- DATA BLOCK
<<<<

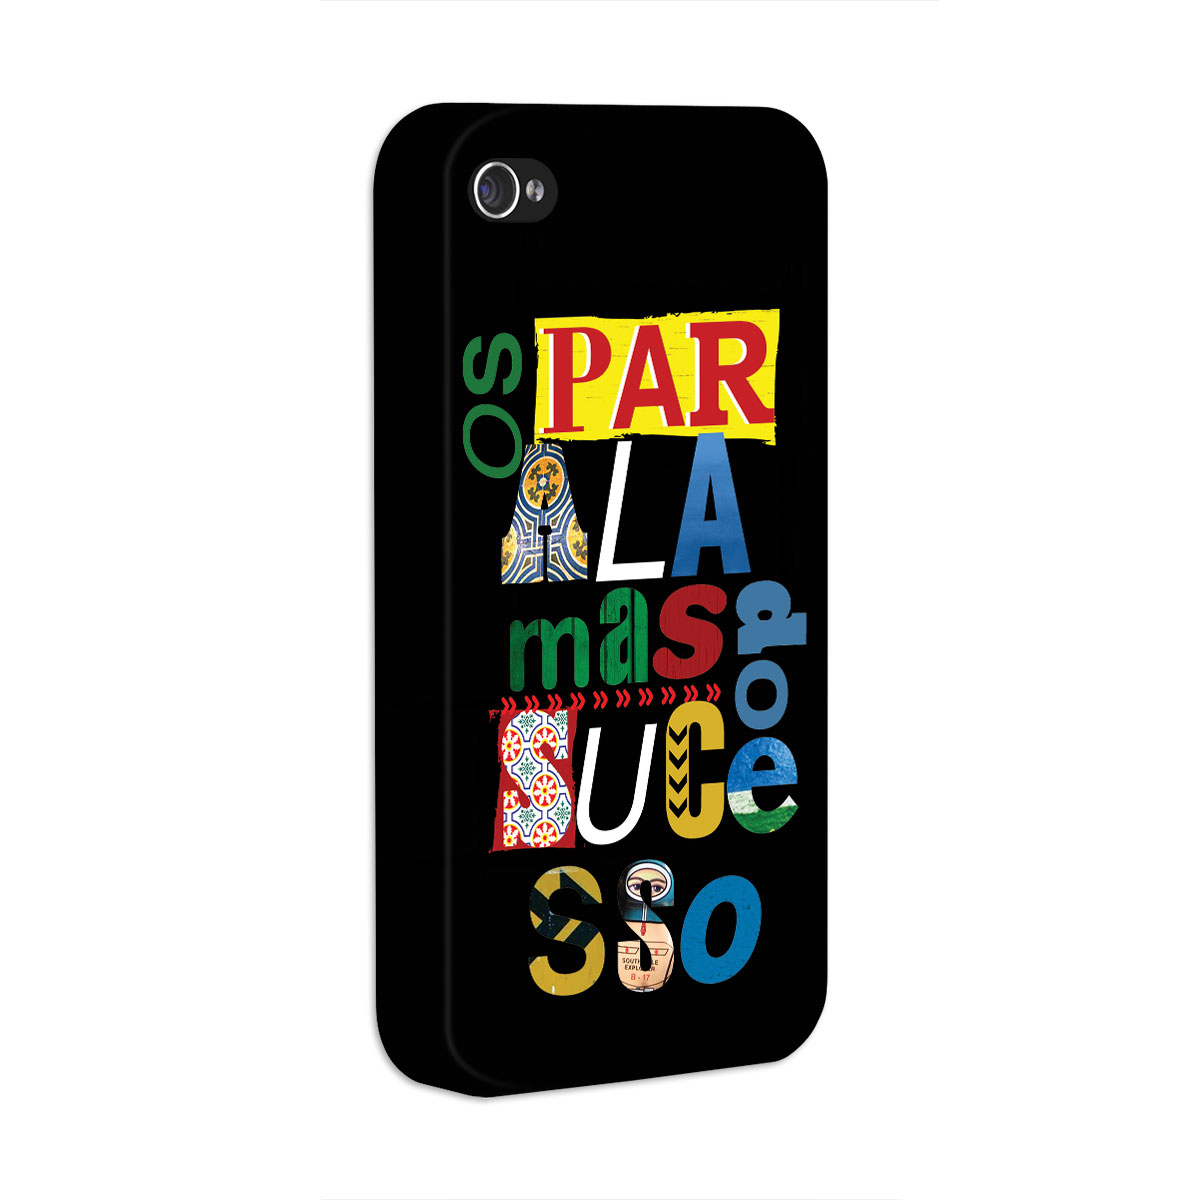 Capa de iPhone 4/4S Os Paralamas do Sucesso Type
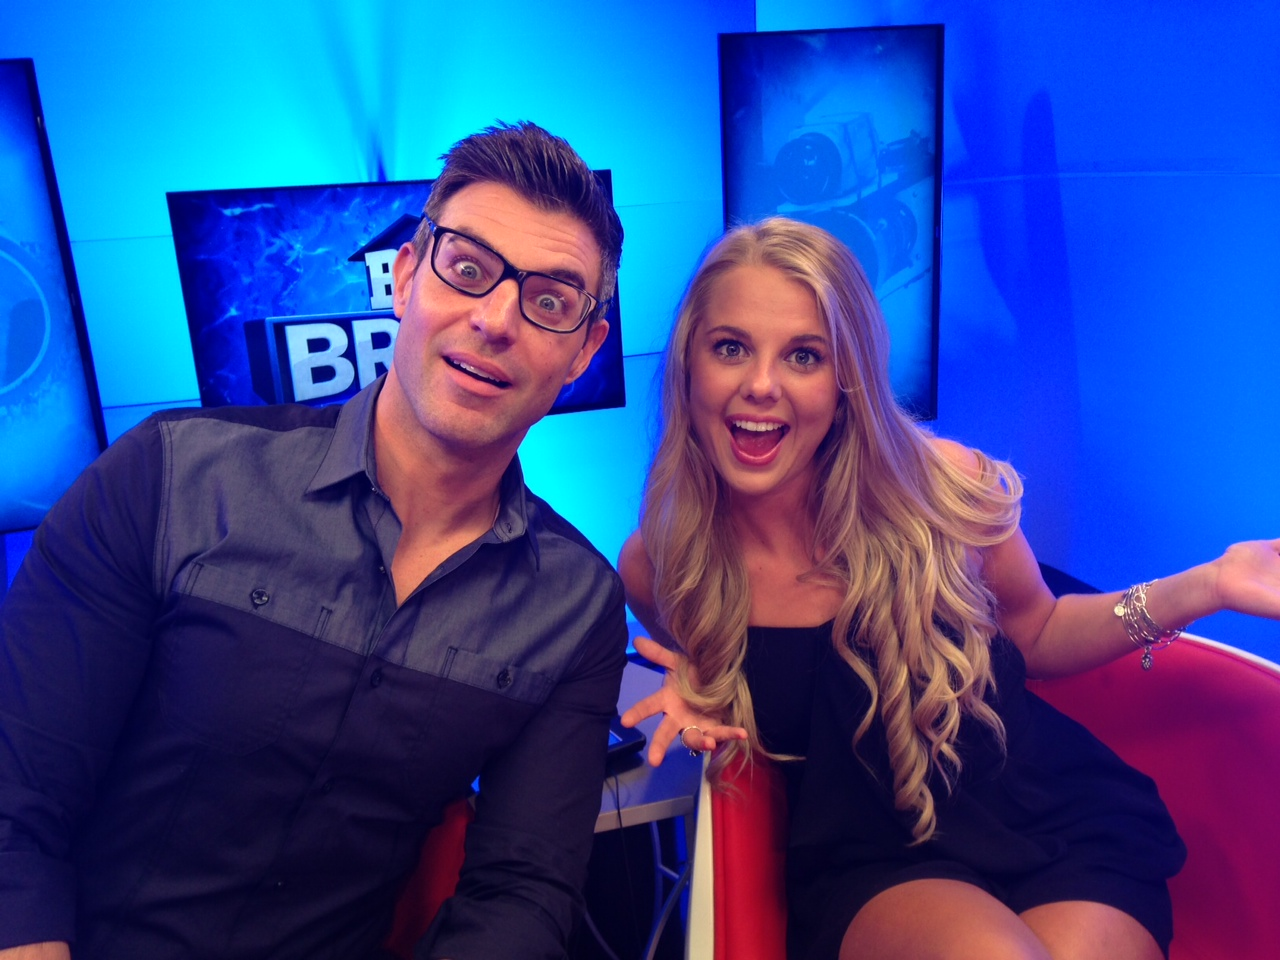 Jeff tries on Nicole's glasses
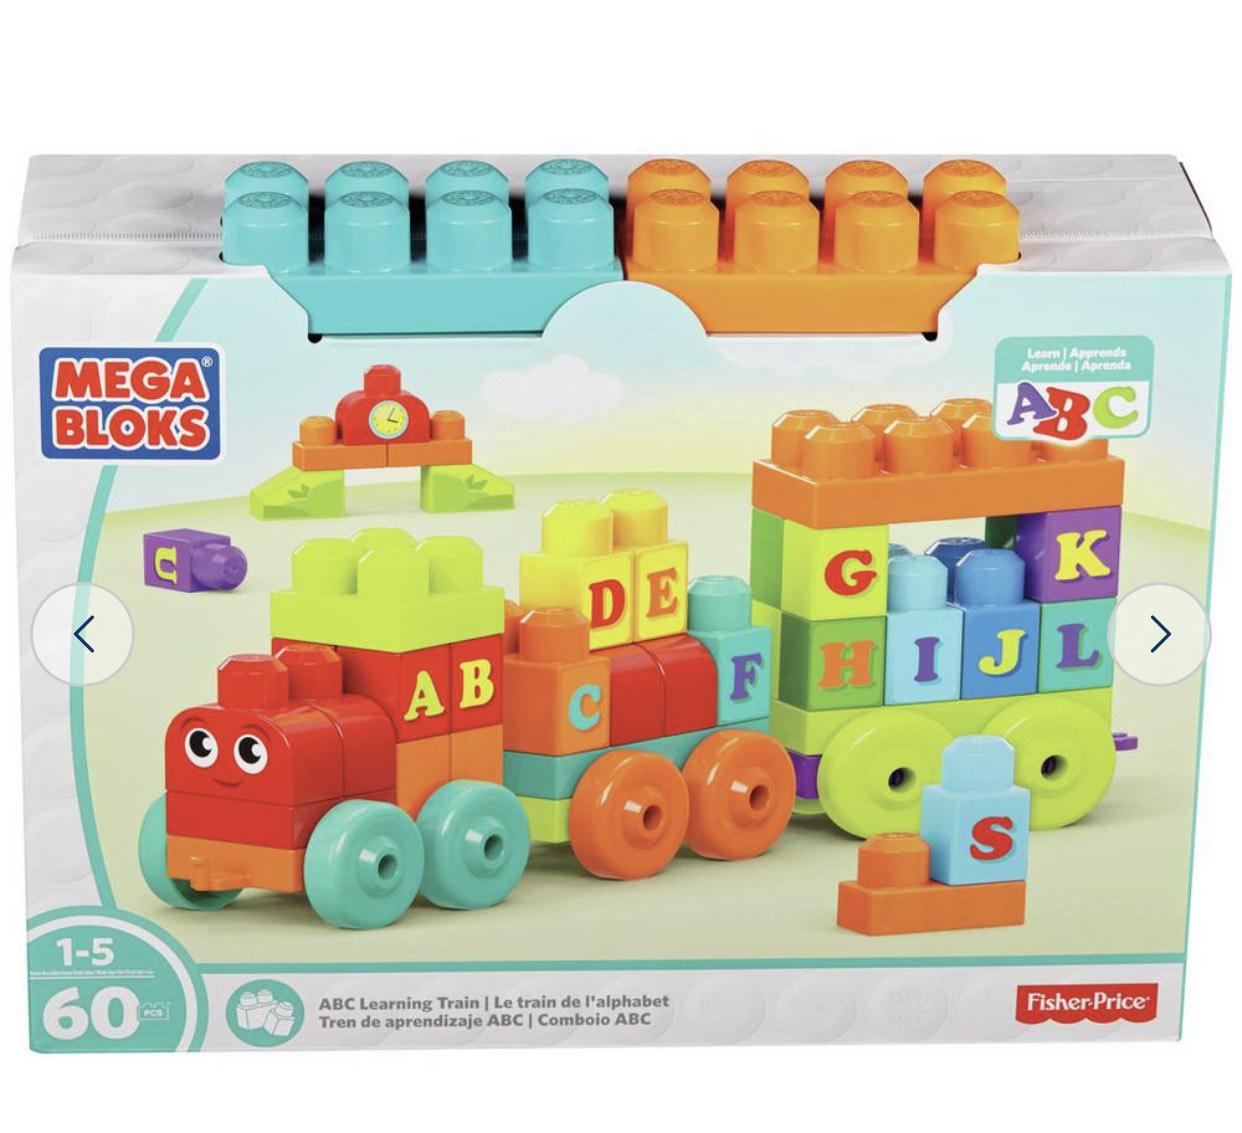 Mega Bloks ABC Learning Train 60pc £6.40 @ Argos

>>>>

- WHAT IS BEING ASKED
Output the listing above exactly, excluding all pictures.

- OUTPUT FOR THIS EXERCISE
 Capa de iPhone 4/4S Os Paralamas do Sucesso Type
 Jeff tries on Nicole's glasses
 Mega Bloks ABC Learning Train 60pc £6.40 @ Argos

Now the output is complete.